There have also been subjects where we’ve had our differences – which are, incidentally, traditional subjects that relate to the traditional positions of France and Britain regarding Europe. We’re also in the process of organizing things in such a way that we can find common ground. I’m convinced Europe needs Britain, and I’ve been convinced of it for a very long time. We’re in the process of establishing with David Cameron some working methods that will enable us to reduce the differences and understand each other’s red lines: the single market for our British friends, and the responsiveness of the Euro Area for us, the French. And we’re in the process of organizing things in such a way as to enable Britain and France, most probably in agreement with our German friends like Chancellor Merkel and perhaps also our Italian friends, to better take into account our respective problems in order to ensure we look to the future, with our specific issues, in the same direction.
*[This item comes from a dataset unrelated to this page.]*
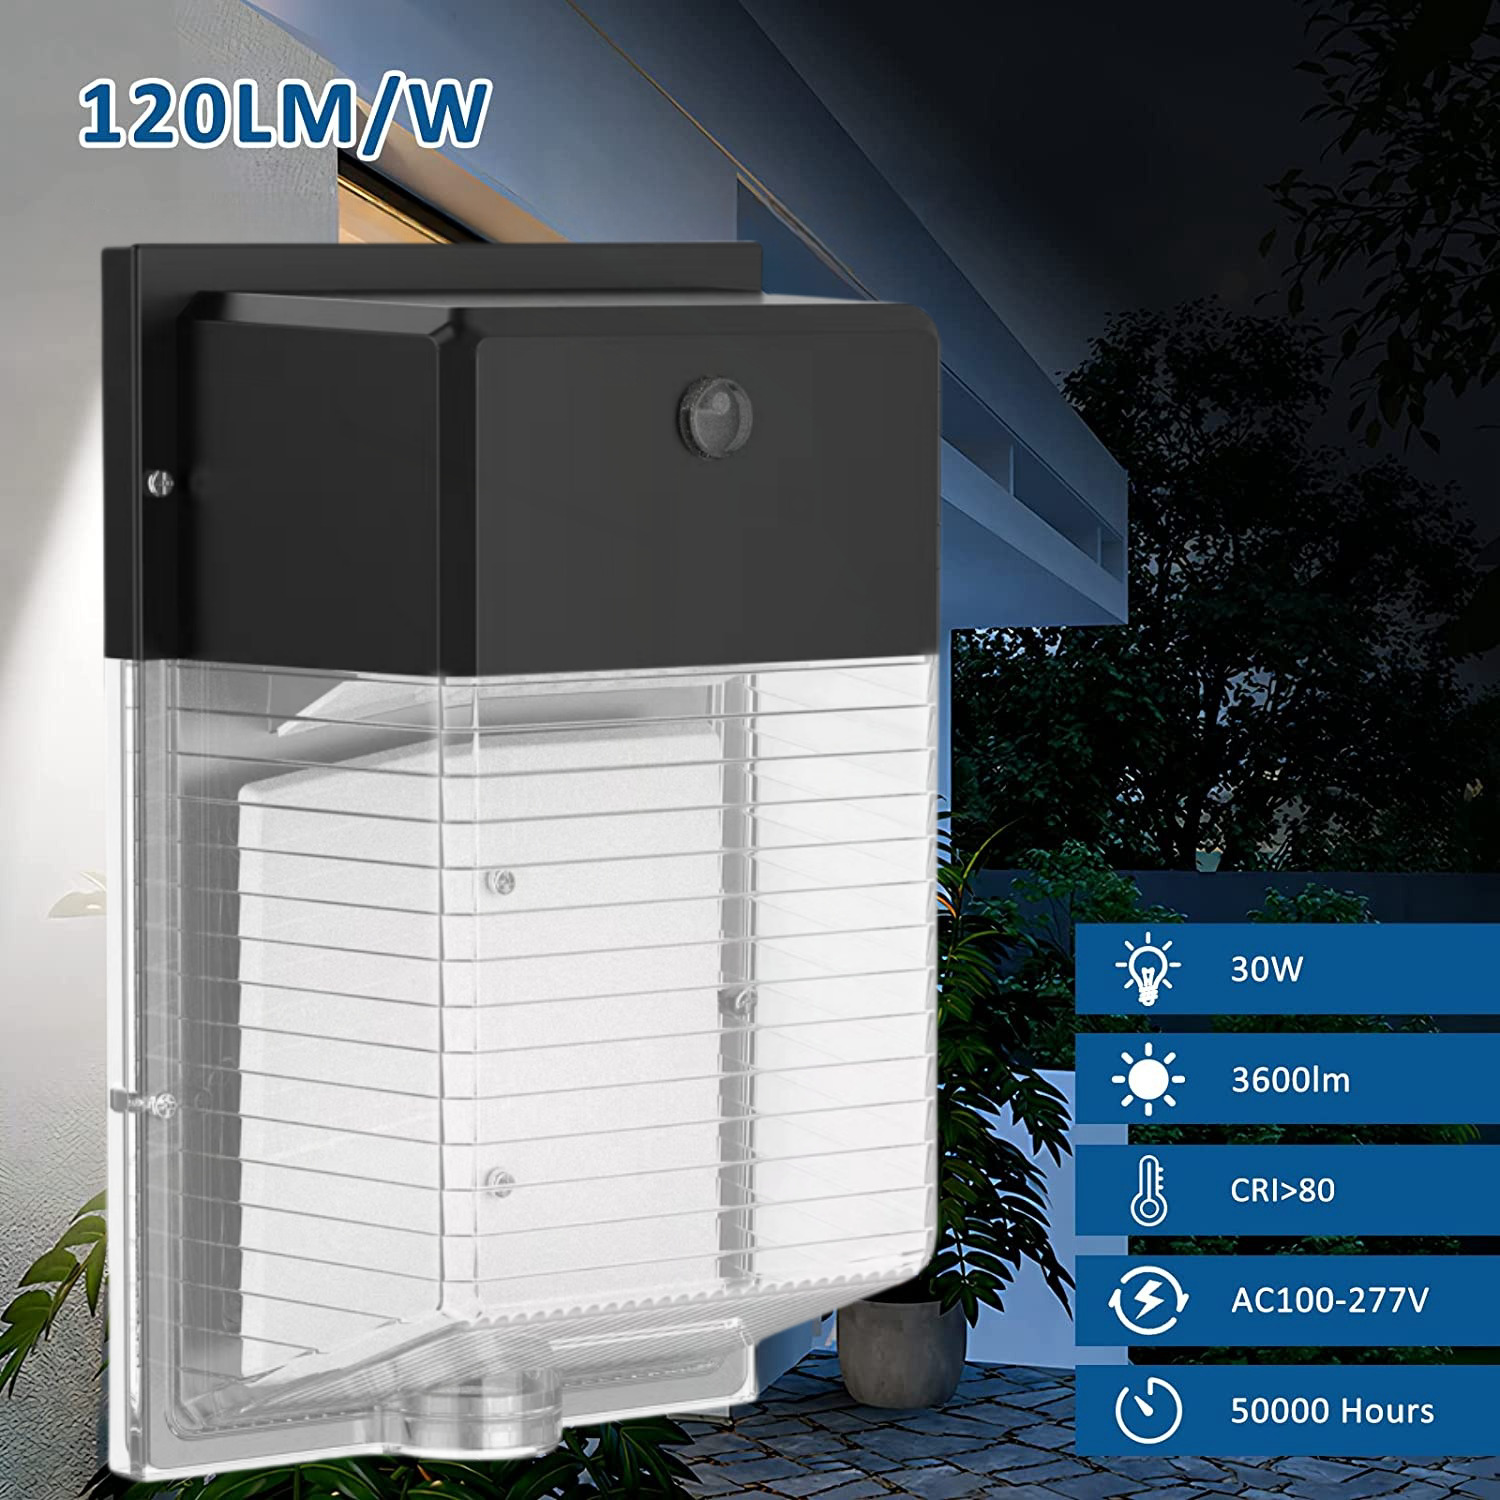 30W Mini LED Wall Pack with Photocell Sensor IP65 Outdoor Security Flood Light

There you are, David; welcome to France. We’re happy to be hosting you and your government ministers, and we congratulate you on all the efforts you’re making, in a period which is very difficult for all those with responsibilities. And essentially, we share many firm beliefs.
Q. – Thank you very much, Mr President and Mr Cameron. You waged a war together a year ago, and then sometimes you gave the impression of being at war with each other. Your relations seem to have improved.
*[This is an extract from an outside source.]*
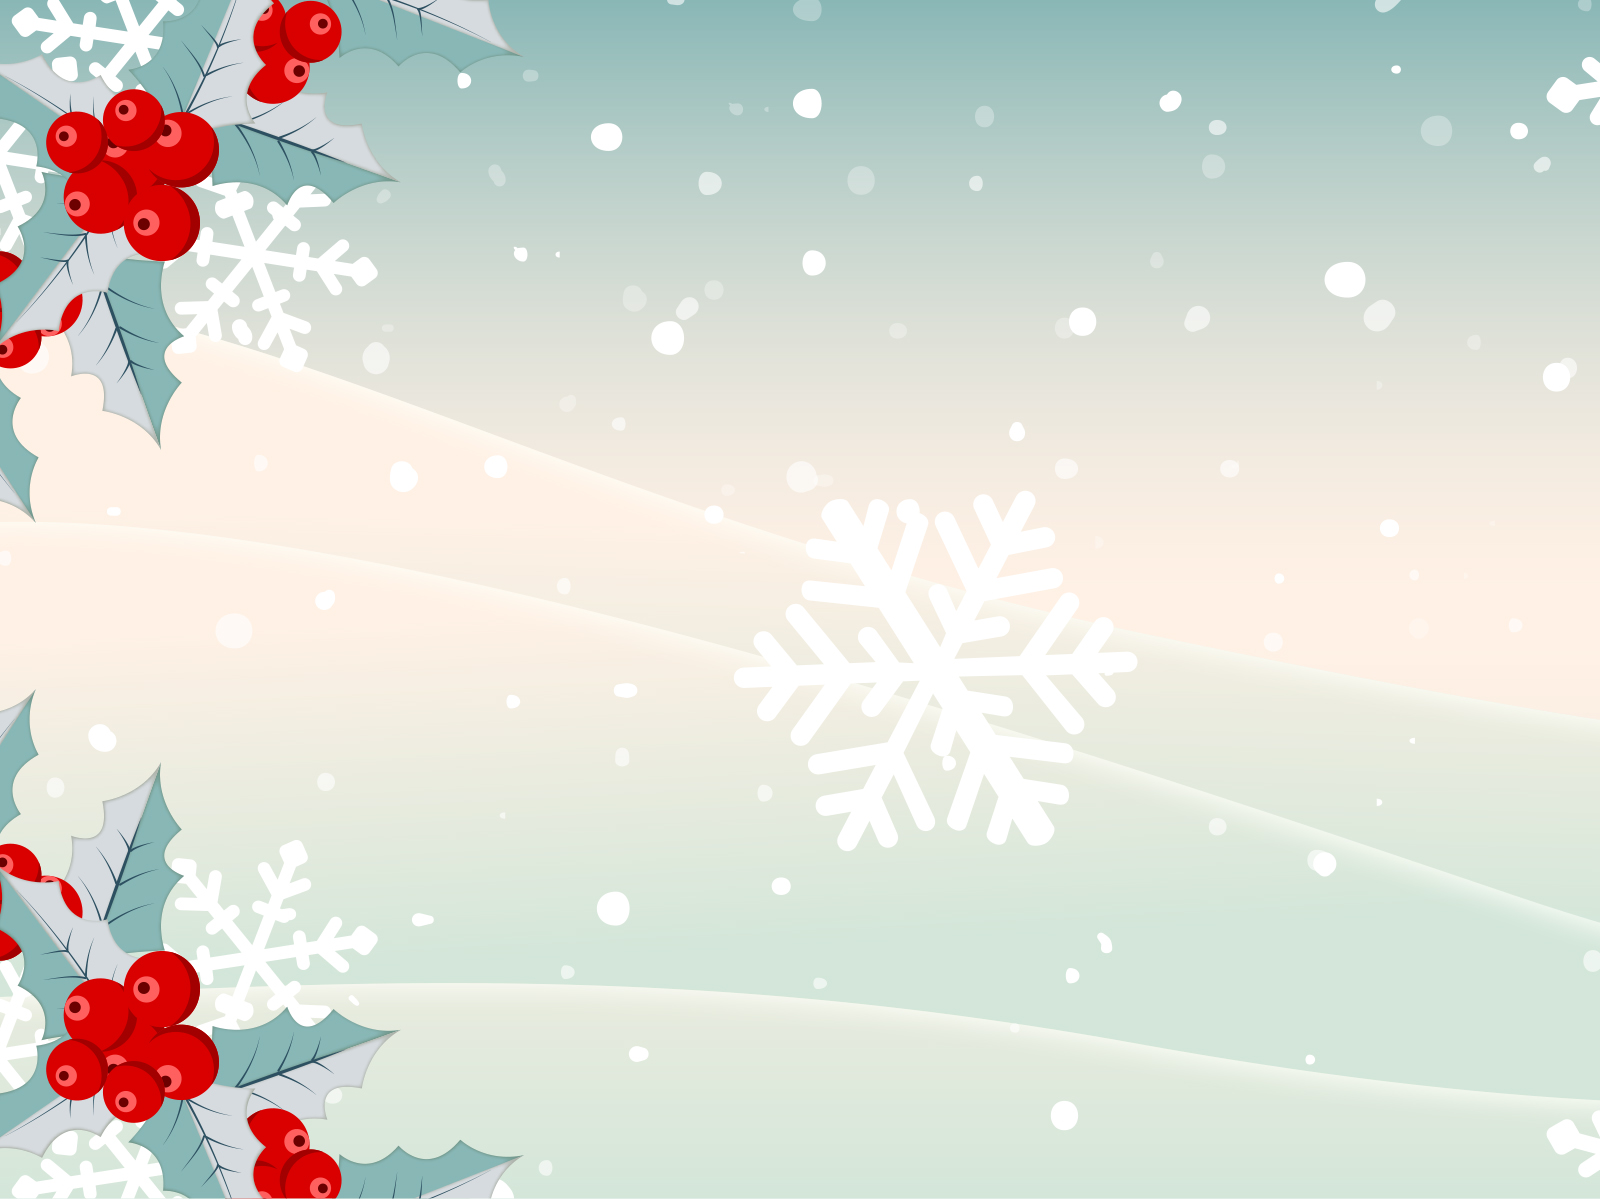 Xmas Snows Presentation Powerpoint Templates - Christmas, Green, Objects -  Free PPT Backgrounds and Templates

THE PRESIDENT – I love Britain very much, as you know, and I’ve always been convinced of her importance. I’ve always thought that the Entente Cordiale had to become an Entente Amicale. David Cameron is a brave man. It’s easy to work with a brave man, because you know where his red lines are. I don’t need to talk to him for long to know the nature of Britain’s specific issues. This started before him and will go on afterwards. But what we’re trying to do is bring our viewpoints closer together. Yes, we’ve had differences, but perhaps in David’s shoes I would have defended Britain’s interests just as he’s defended them. Those are our respective roles; but never, ever has there been any personal conflict. Heads of government and heads of state are there to defend their country’s interests; and they’re there to try and make others understand the vital interests as they see them.
Let me tell you that on Europe I think we’ve found something interesting that we’re going to work on. David Cameron is very committed to the single market and to the British being associated with the successful functioning of the single market. And we’re committed to the Euro Area being able to take decisions more quickly, given the specific constraints we have to overcome. There you are – I think we can bring things closer together.
When we’ve had to face up to international crises, David Cameron and I have always been together, sometimes even just the two of us.
When we wanted to come to the Libyan people’s aid, believe me, we both upheld that position at the European Council. There weren’t many people who were on our side – not many. And when we had to intervene to prevent the massacre in Benghazi, you could count on the fingers of one hand the people who were ready to move from words to deeds; and that’s what counts.
Q. – To pick up on what you were saying just now, Prime Minister, what do you mean by going further to try to ensure things change in Syria? What routes, what concrete actions could you take today? The question is also addressed to you, of course, Mr President.
I have a second question for you, Mr President, if you will allow me. In recent days and weeks, you’ve made repeated references to the German model: do you draw any inspiration from the British model, and if so, in what area?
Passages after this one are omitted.